I'm making my term paper and I need to prove some results, my question is:
If I know that (I've proved this) $\sin(x) = x \displaystyle \prod_{n=1}^{\infty}\left(1 - \frac{x²}{(\pi n)^2 } \right)$ then applying $\ln(x)$ we have
$\ln(\sin(x)) = \ln\left(x \displaystyle \prod_{n=1}^{\infty}\left(1 - \frac{x²}{(\pi n)^2 } \right)\right)$ .
Now, can I assume that $\ln(\sin(x)) = \ln x + \displaystyle \sum_{n=1}^{\infty} \ln\left(1 - \frac{x²}{(\pi n)^2 } \right) $??
I need Uniform convergence of $\ln(x)$'series to assume that?
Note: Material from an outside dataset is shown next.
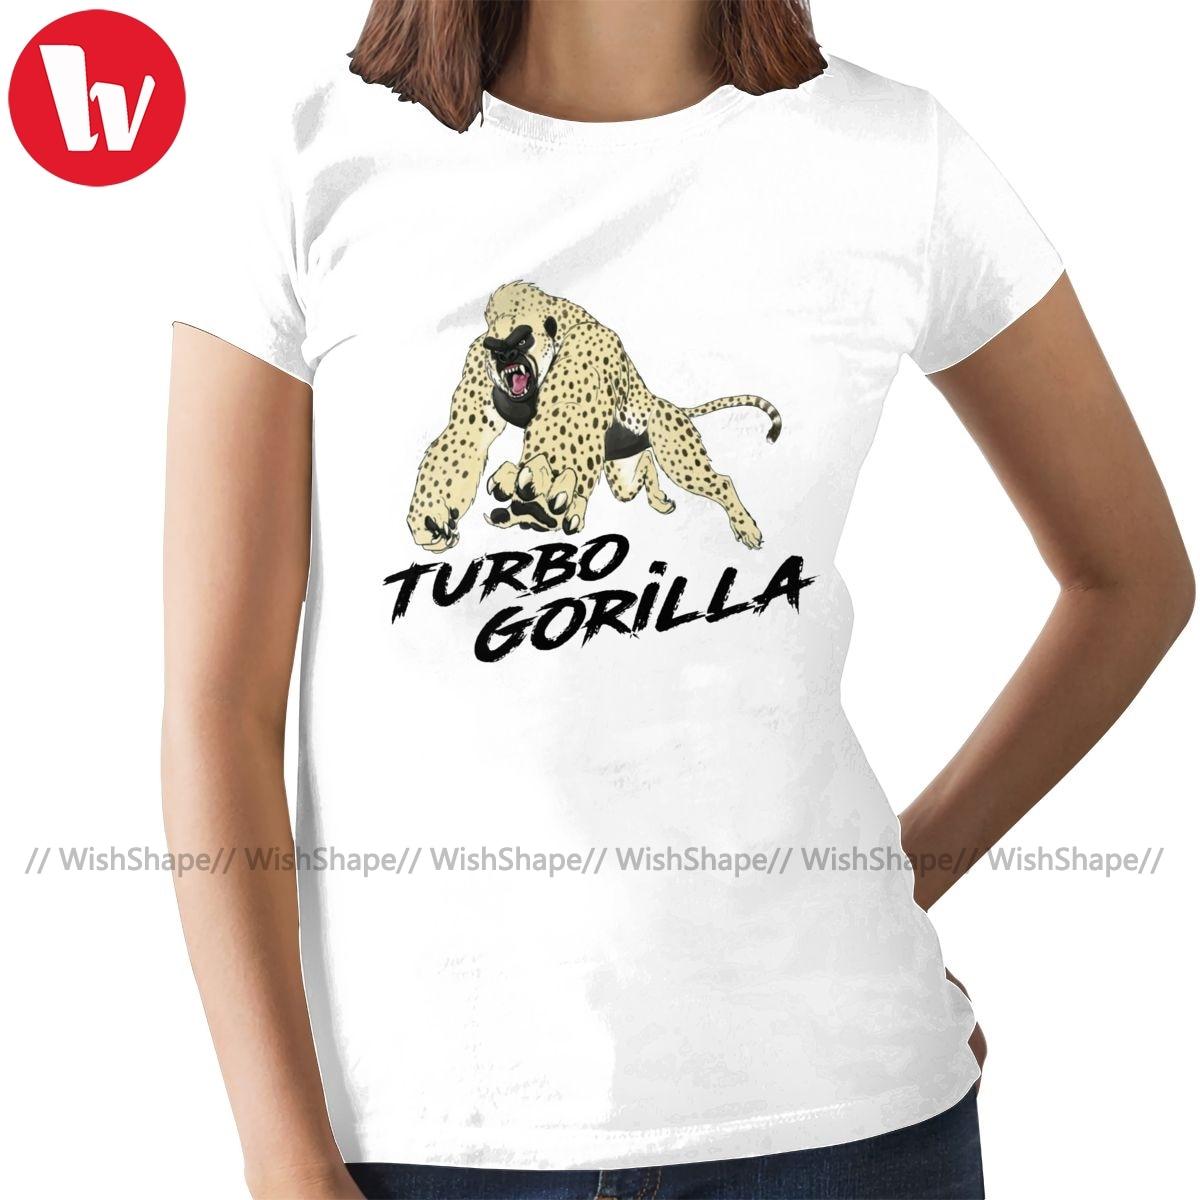 Gorilla T-Shirt The Turbo Gorilla By Racecar T Shirt Street Wear Short-Sleeve Women tshirt Ladies Tee Shirt

Assuming that $0 < x < \pi$ and that it has already been proved that
$$\sin x = x \prod_{n=1}^{\infty}\left(1 - \frac{x^2}{\pi^2n^2 } \right) = x \lim_{m \to \infty}\prod_{n=1}^{m}\left(1 - \frac{x^2}{\pi^2n^2 } \right), $$
We have
$$\tag{*}\ln(\sin x) = \ln x + \ln \left[\lim_{m \to \infty}\prod_{n=1}^{m}\left(1 - \frac{x^2}{\pi^2n^2 } \right) \right]$$
Here we have $a_n = -x^2/(\pi n)^2 > -1 $ for all $n \in \mathbb{N}$ and
$$\sum_{n = 1}^\infty|a_n| = \frac{x^2}{\pi^2}\sum_{n=1}^\infty\frac{1}{n^2} < \infty$$
It is not difficult to prove that convergence of the series $\sum|a_n|$ implies convergence of $\sum |\ln(1 +a_n)|$ if $a_n > -1$. This, in turn, implies convergence of $\sum \ln(1+a_n)$ by the comparison test, and so we have convergence of
$$\lim_{m \to \infty}\ln \left[\prod_{n=1}^{m}\left(1 - \frac{x^2}{\pi^2n^2 } \right)\right] = \lim_{m \to \infty}\sum_{n=1}^m\ln\left(1 - \frac{x^2}{\pi^2n^2 } \right) $$
By continuity of the logarithmic function we can write (*) as
$$\ln(\sin x) = \ln x + \lim_{m \to \infty}\sum_{n=1}^{m}\ln \left(1 - \frac{x^2}{\pi^2n^2 } \right) $$
Addendum: $\sum |a_n| < \infty \implies \sum |\ln(1+a_n)| < \infty$ when $-1 < a_n < 0$
If $\sum|a_n|$ converges then $|a_n| \to 0$ as $n \to \infty$ and for all sufficiently large $n$ , $|a_n| < 1/2$. Using the inequality $\ln(1+x) \leqslant x$, we have
$$|\ln(1+a_n)| = \ln \left( \frac{1}{1+a_n}\right) = \ln \left(1 + \frac{|a_n|}{1- |a_n|} \right) \leqslant \frac{|a_n|}{1 - |a_n|}< 2 |a_n|$$
Thus, $\sum|\ln(1+a_n)|$ converges by the comparison test.